§ What needs to be done:
Give back all of the data exactly, with every picture omitted.

§ Data shown:
------------------------------

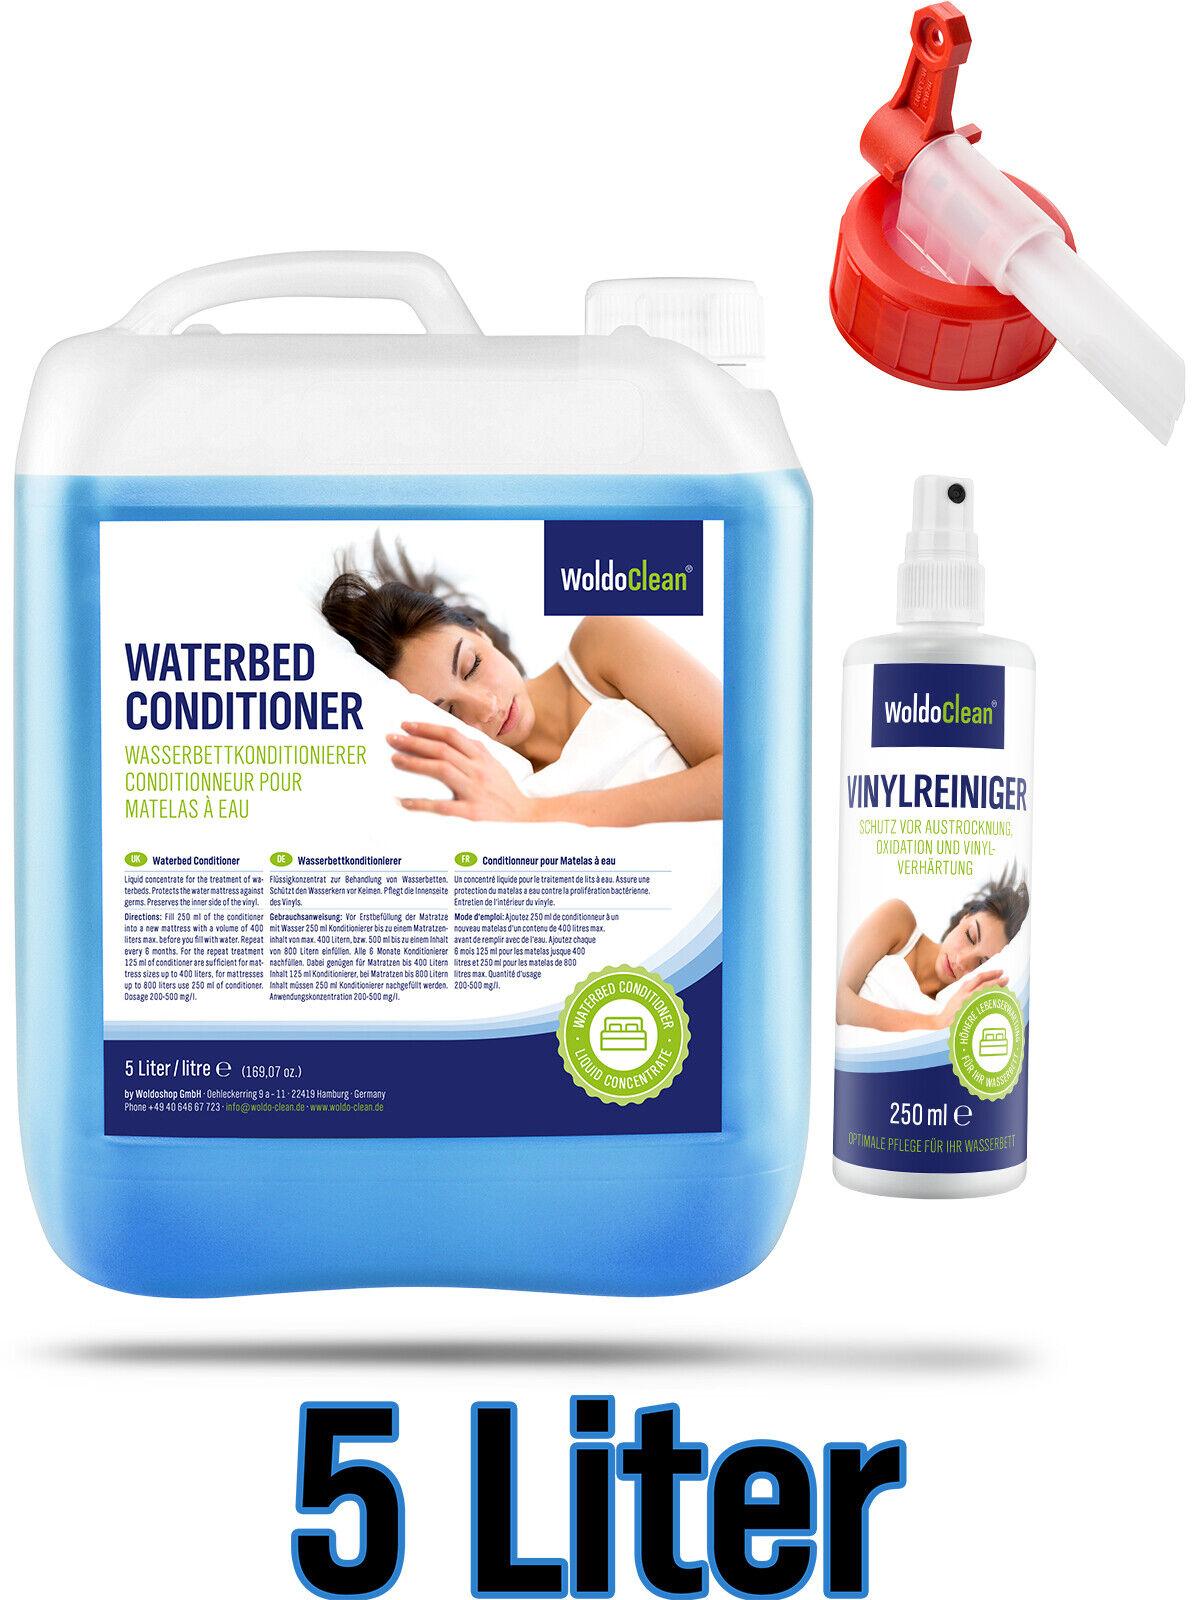 Wasserbetten Conditioner 5 Liter & 250ml Vinylreiniger  Wasserbett mit Ausgießer
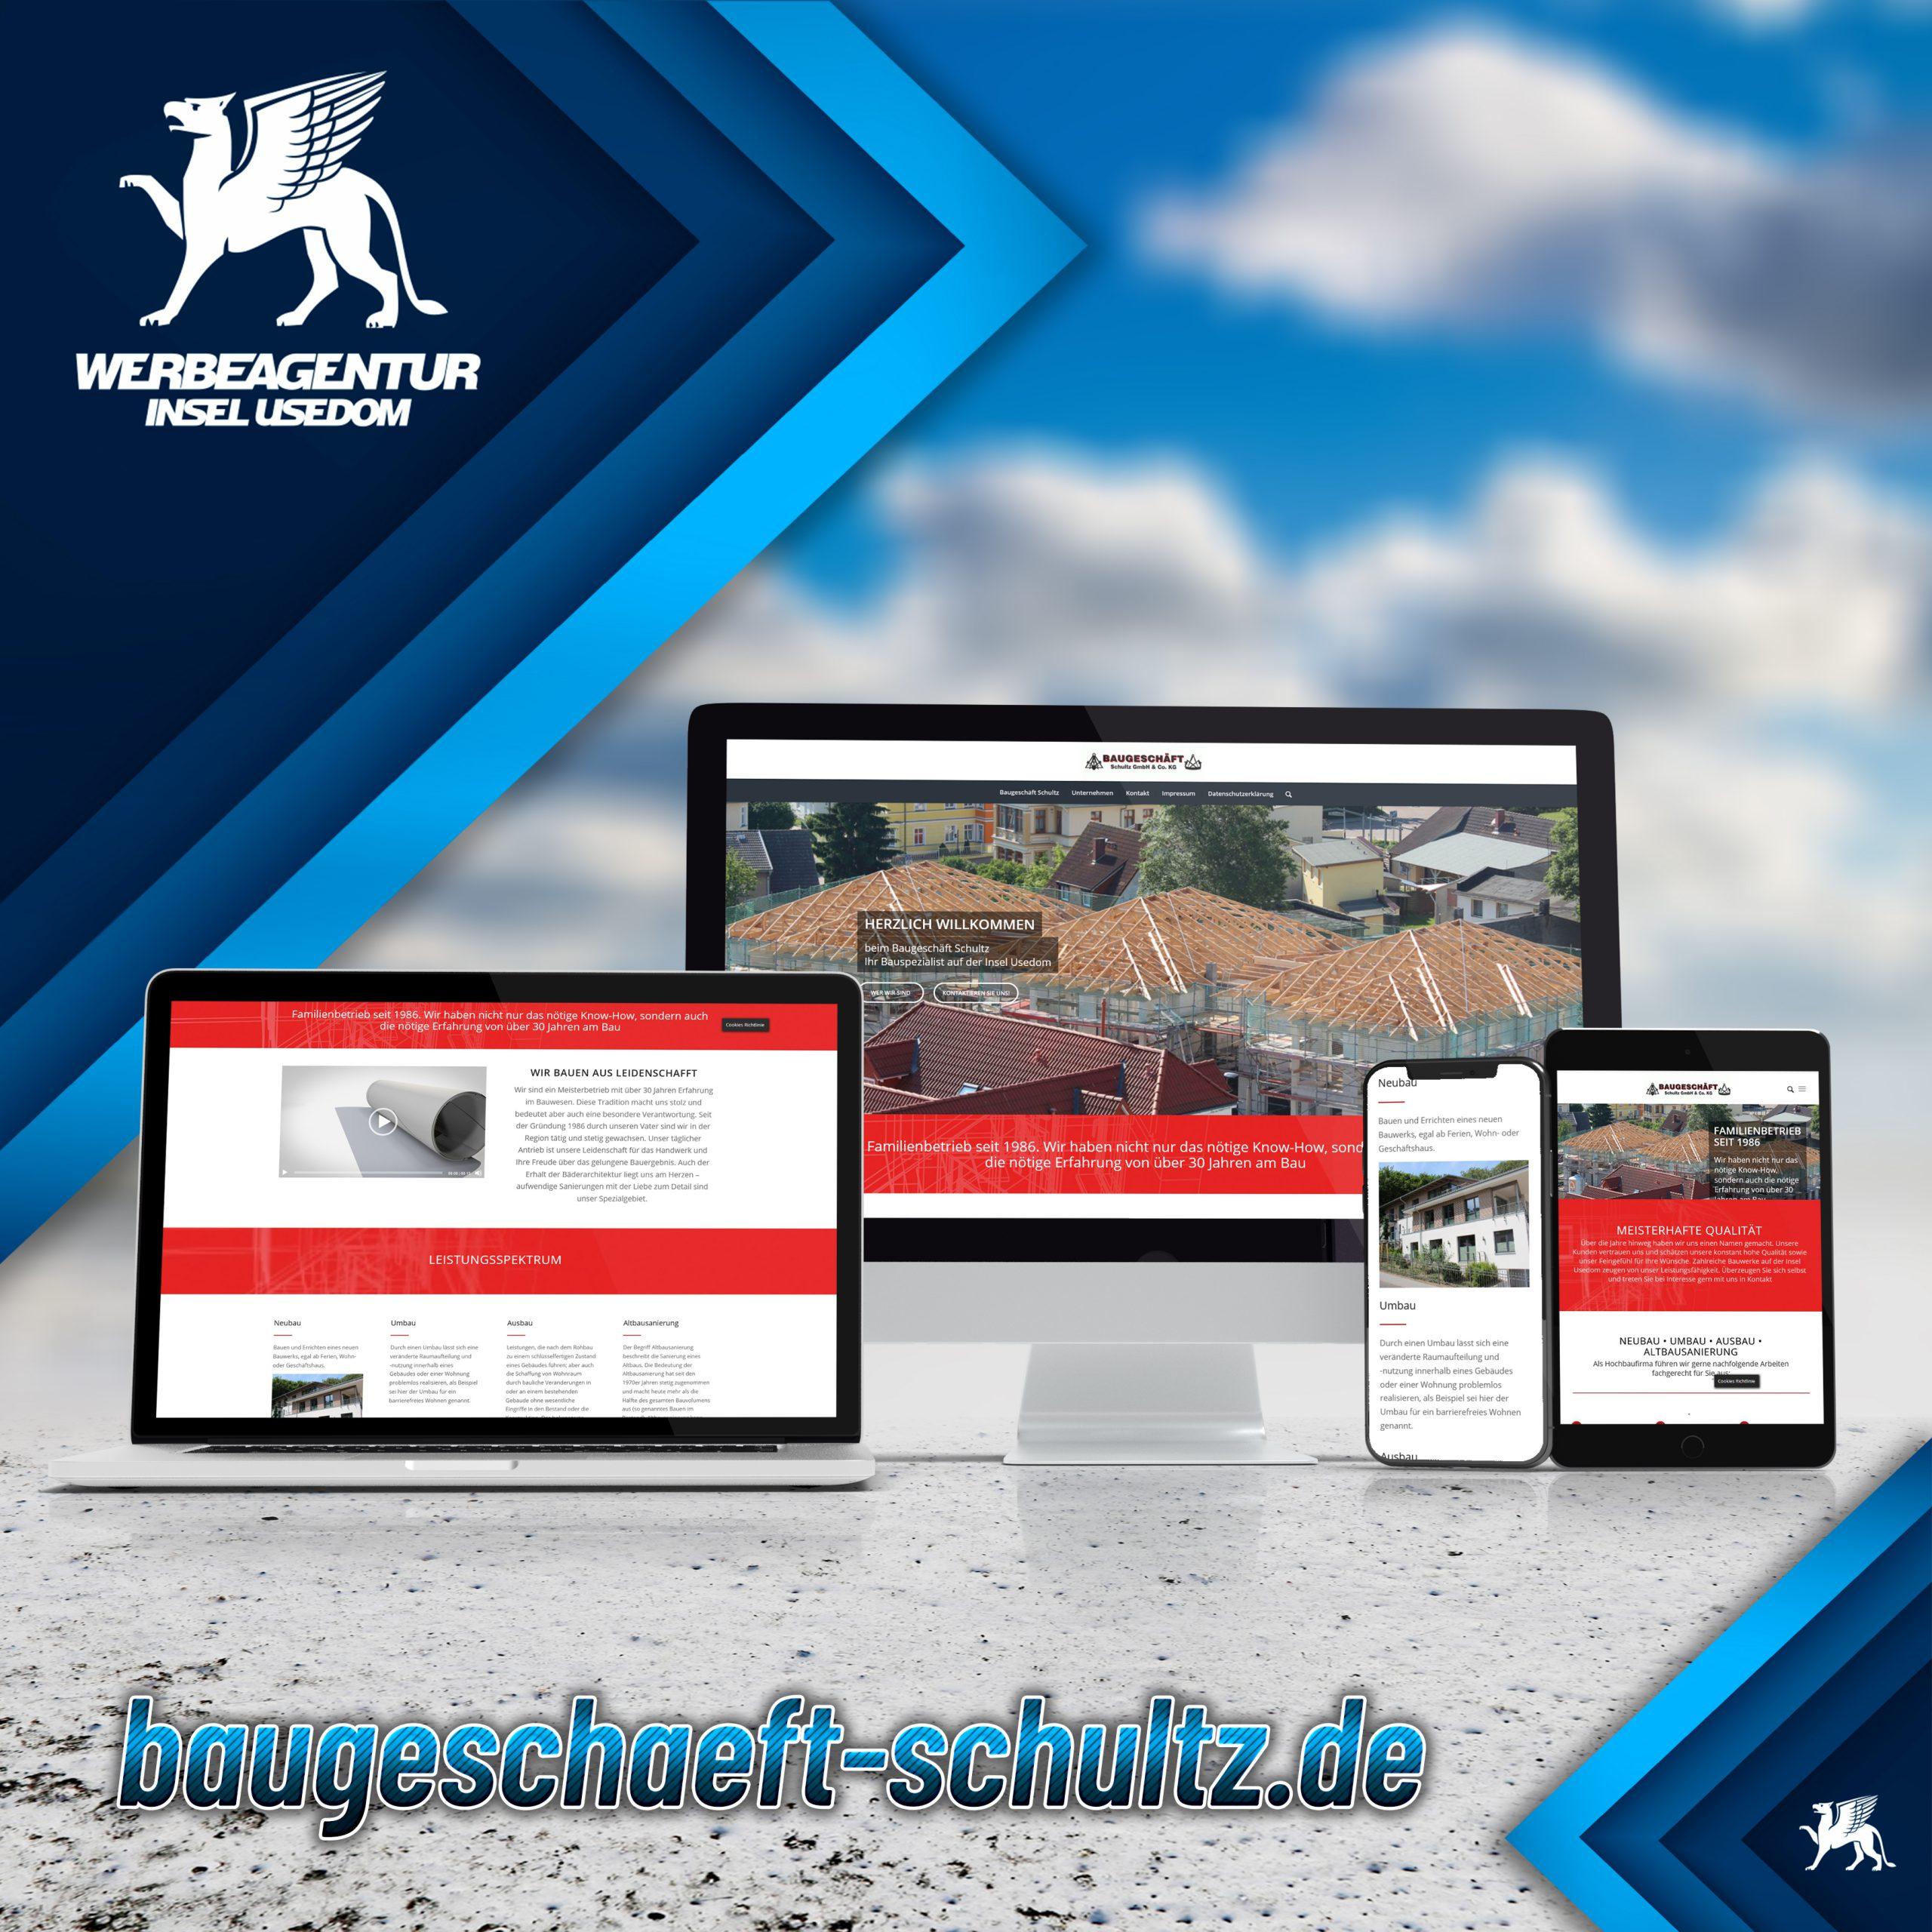 Baugeschäft Schultz GmbH & Co. KG
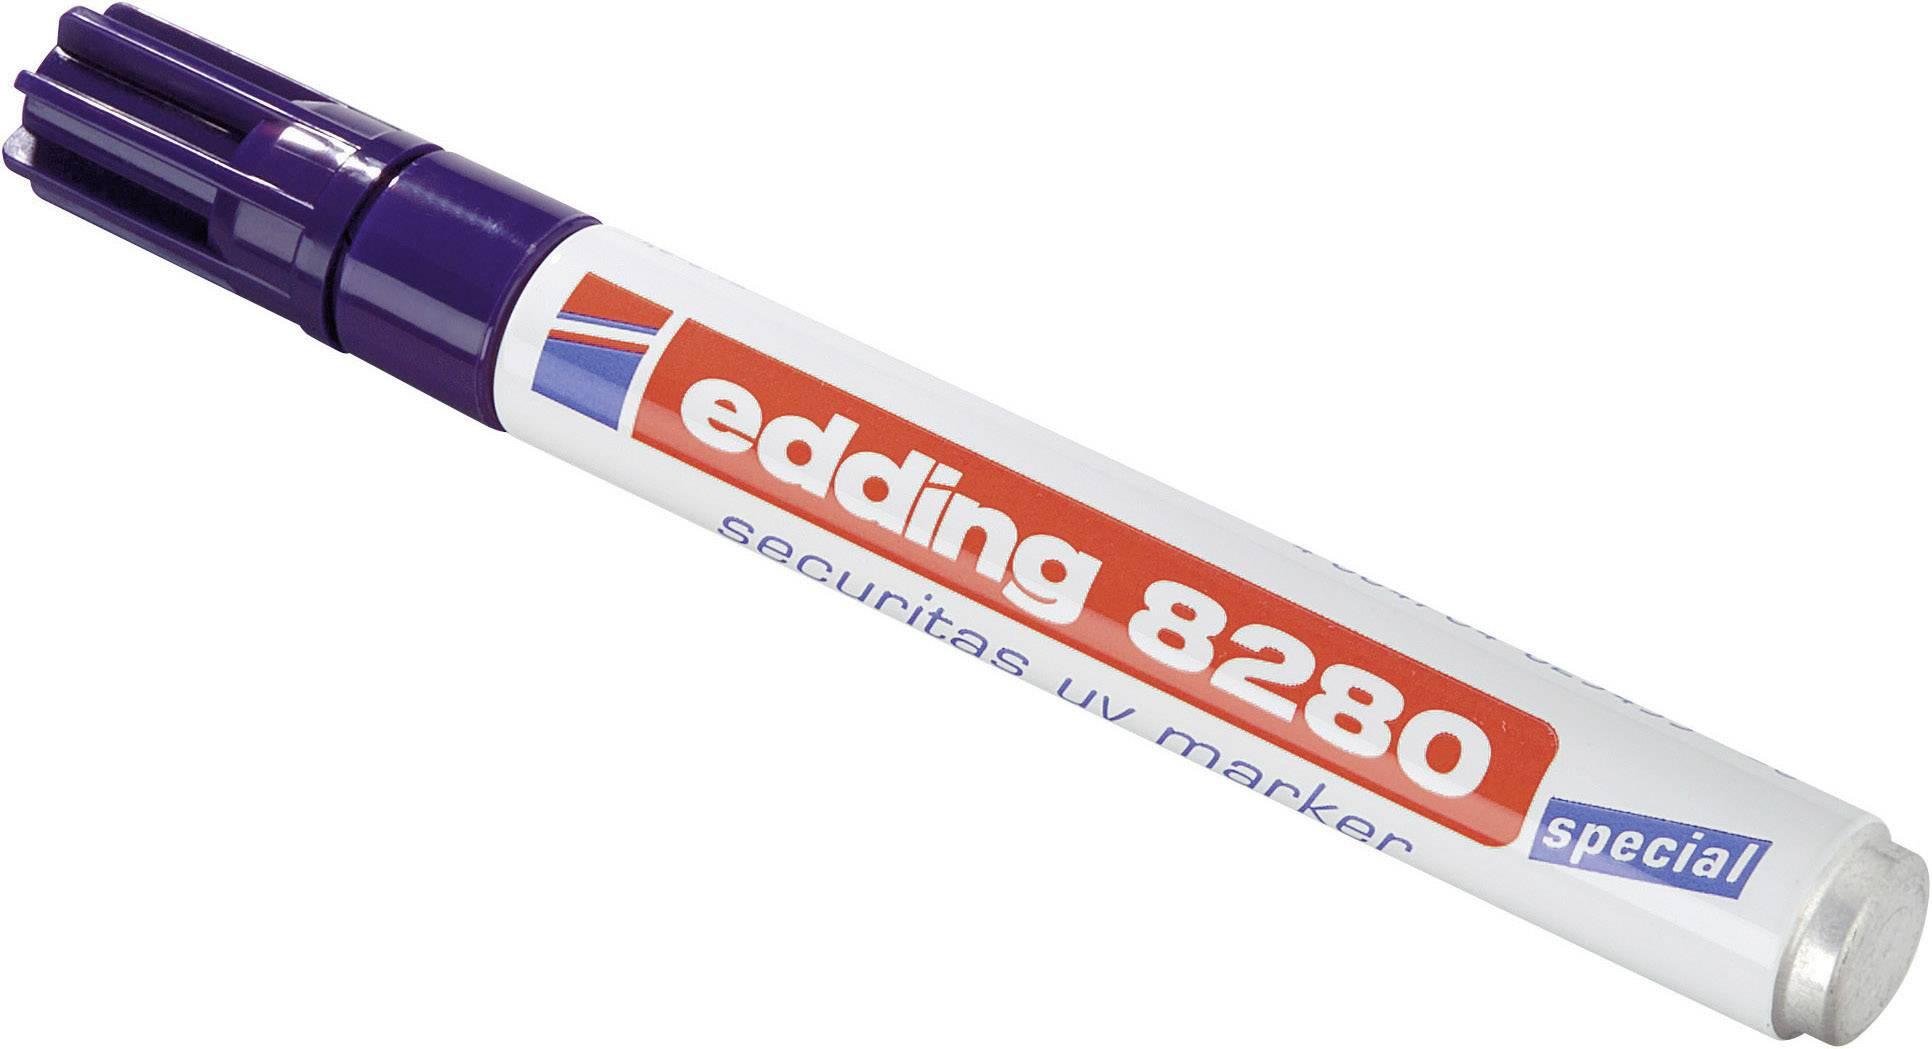 Ultrafialový popisovač edding 8280, 1.5 - 3 mm
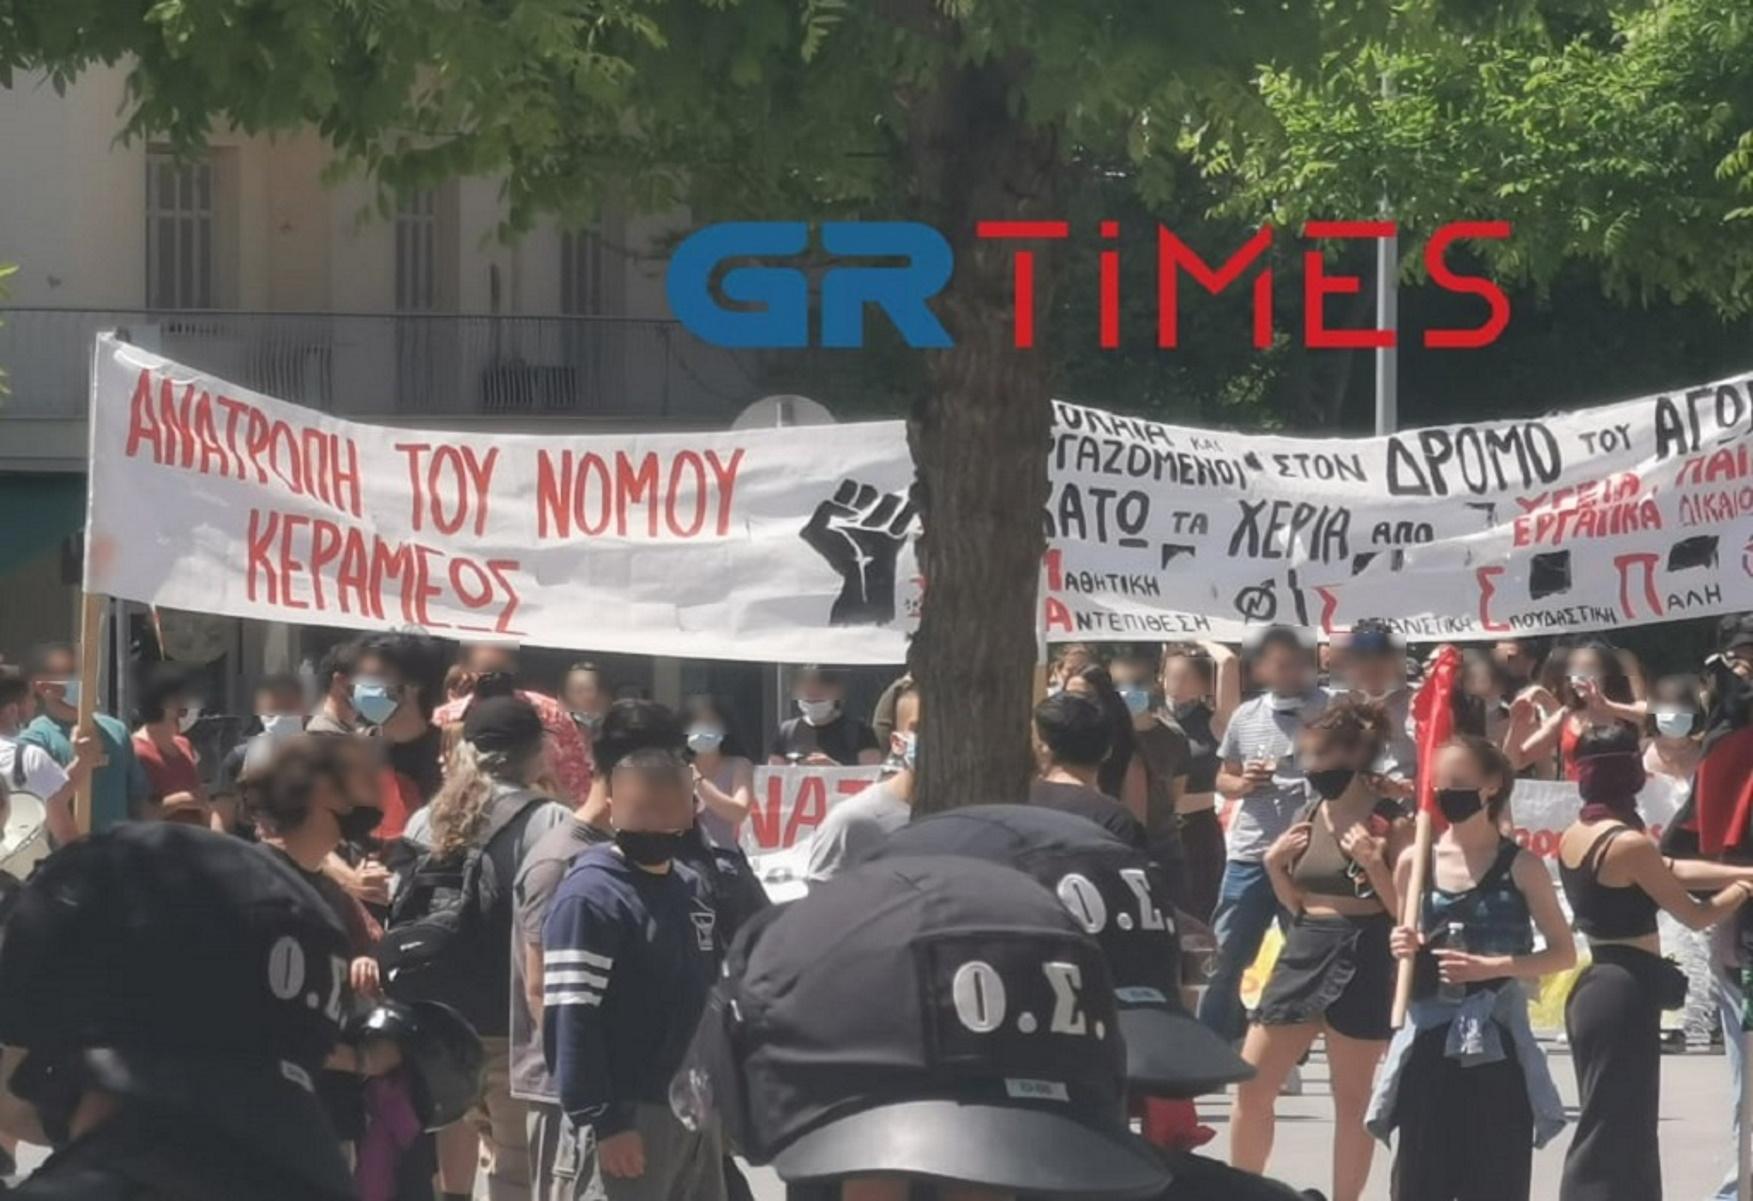 Θεσσαλονίκη: Νέο συλλαλητήριο κατά του νόμου Κεραμέως – Χρυσοχοΐδη (pics, vid)

------------------------------

§ Exercise result:
 Wasserbetten Conditioner 5 Liter & 250ml Vinylreiniger  Wasserbett mit Ausgießer
 Baugeschäft Schultz GmbH & Co. KG
 Ultrafialový popisovač edding 8280, 1.5 - 3 mm
 Θεσσαλονίκη: Νέο συλλαλητήριο κατά του νόμου Κεραμέως – Χρυσοχοΐδη (pics, vid)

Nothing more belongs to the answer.